The Industry’s Unified Voice: What Are They Asking For?

Leading financial associations, think tanks, and market players have banded together to urge regulators for a pragmatic overhaul. Their core demands include:

  • Risk-based, principles-driven regulations: Instead of rigid, one-size-fits-all rules, they advocate for regulatory frameworks that evaluate risks contextually, fostering flexibility without compromising security.
  • Clearer definitions and standards: Ambiguity around what constitutes crypto asset custody or trading arrangements fuels uncertainty. Standardized definitions would create coherence and streamline compliance efforts.
  • Pragmatic capital requirements: Current capital reserve demands often penalize banks for holding volatile crypto assets excessively. Industry voices recommend more calibrated capital charges aligned with the asset’s risk profile.
  • Encouragement for innovation and collaboration: They urge regulators to support sandbox environments and public-private partnerships to safely test new crypto financial products.

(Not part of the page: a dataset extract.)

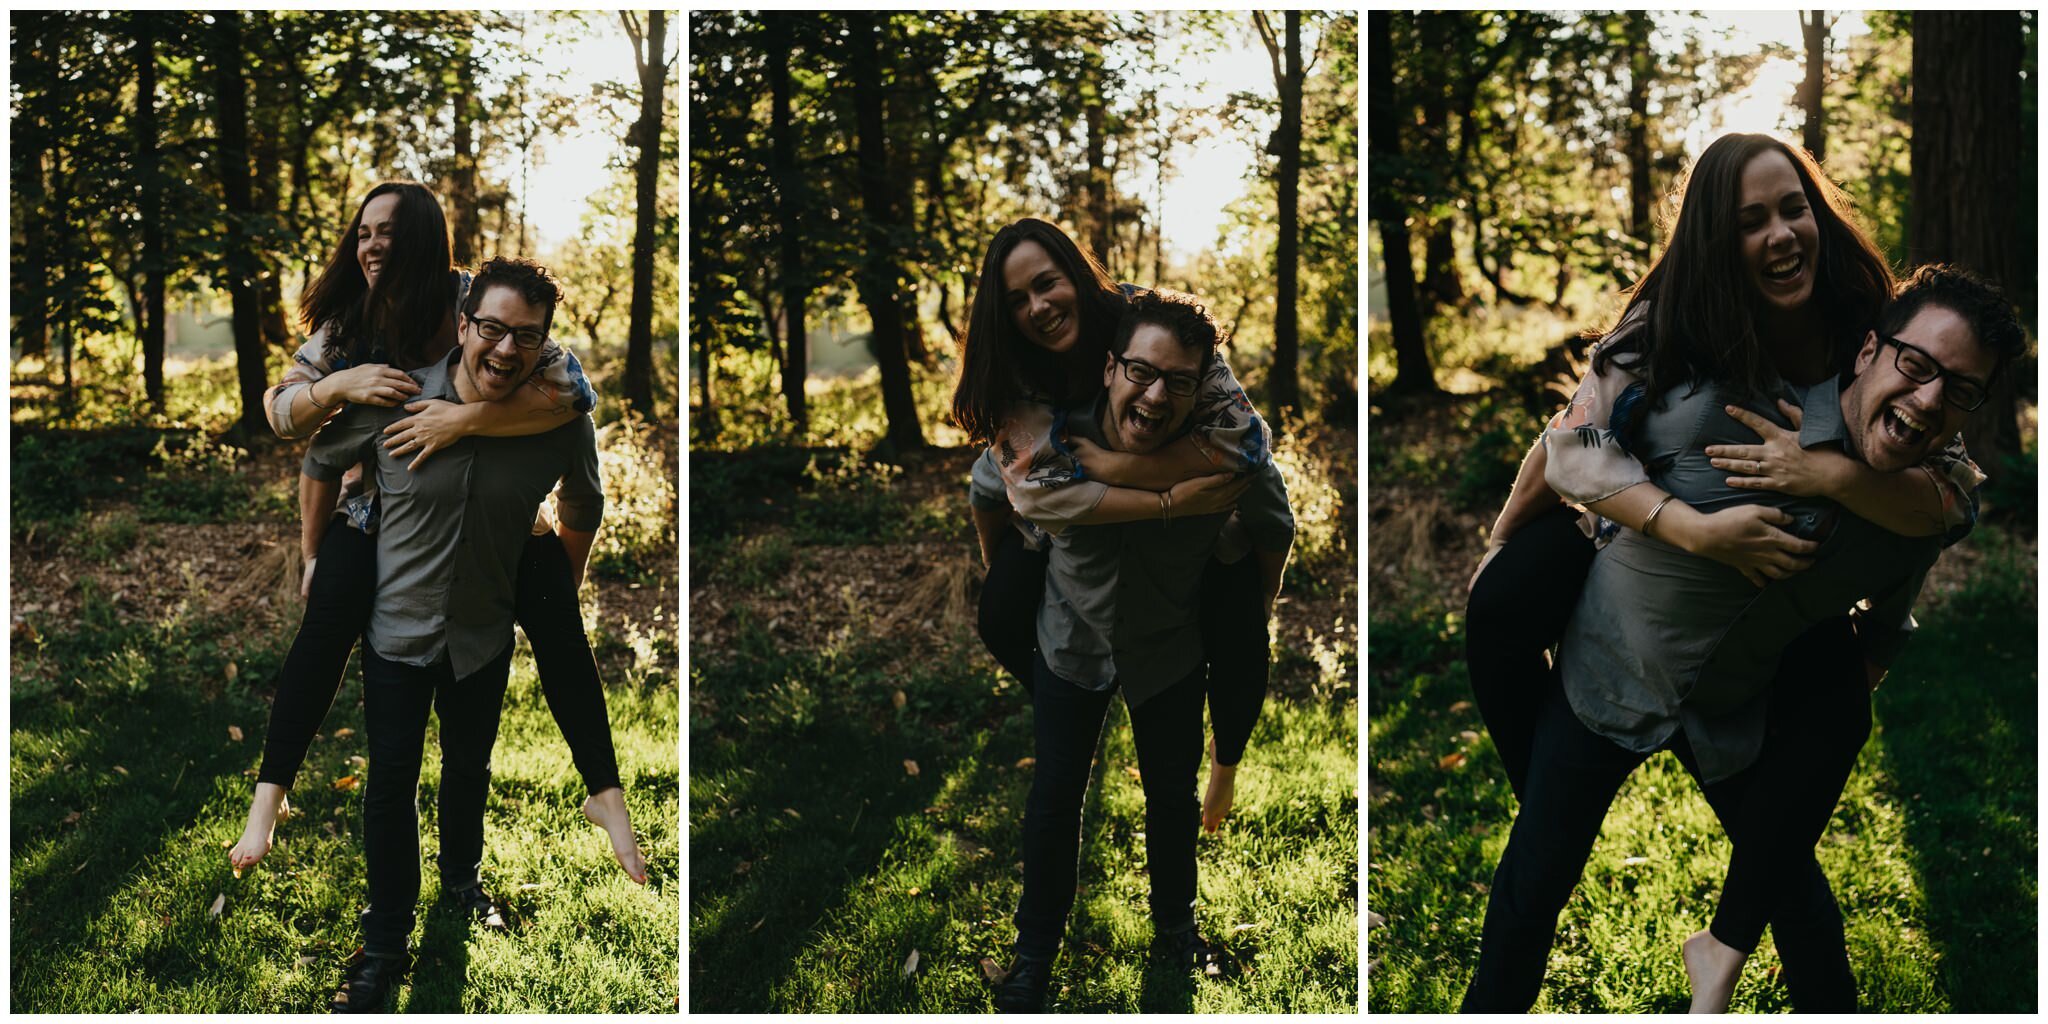 sunkissed-northacres-park-engagement-session-bethany-phil-14.jpg

This consensus reflects a growing understanding that banks and crypto are not adversaries — they are, in fact, indispensable partners in scaling the future of global finance.

The Strategic Significance for the Banking Sector

Why does all this matter so much? The answer is straightforward: crypto is no longer a niche experiment but an integral part of financial infrastructure. Digital assets and blockchain technology represent new forms of capital, frictionless payment rails, programmable assets, and even novel lending mechanisms. If traditional banks fail to bridge into this digital domain efficiently, they risk obsolescence in a world rapidly moving toward decentralized finance models.

Additionally, customer demand is propelling banks to adapt. Retail and institutional clients alike are demanding access to crypto investment, custody, and payment solutions directly through their trusted banking partners. Regulatory hurdles that block this natural transition effectively push customers towards less regulated, higher-risk venues — a scenario that ultimately undermines the goals of financial stability and consumer protection.

A Look Ahead: What to Expect Next?

The dialogue between regulators and industry bodies is advancing, with signs of increasing receptiveness from global financial watchdogs. Government agencies are under pressure to balance innovation with protection. We anticipate regulatory frameworks that will:

  • Introduce tiered regulatory approaches that differentiate between high-risk and low-risk crypto activities.
  • Encourage banks to build compliant, transparent crypto service capabilities through clearer guidance and reduced regulatory ambiguity.
  • Promote cross-border cooperation to standardize crypto regulation, avoiding fragmented compliance landscapes that hamper global banking operations.

Ultimately, we are witnessing the early stages of an essential regulatory evolution — aligning regulatory rigor with innovation agility. Those financial actors who embrace these changes proactively will likely emerge as leaders in the next wave of finance.

“Crypto is not just ‘digital money.’ It’s a transformational force for finance as we know it. Rigidity in regulation will only delay progress—not prevent it.”

Final Thoughts

The call from finance industry bodies for recalibrated crypto rules reflects a profound and necessary shift in how we approach regulation in a digital age. Banks are not just passive entities anymore; they are becoming active architects of the new financial ecosystem that integrates fiat and crypto seamlessly. Smart regulation should empower that architecture — enabling innovation while managing risk with surgical precision.

As someone deeply embedded in financial markets, I see this not only as a regulatory challenge but an extraordinary opportunity. The institutions that adapt first won’t just survive — they’ll redefine finance for generations to come.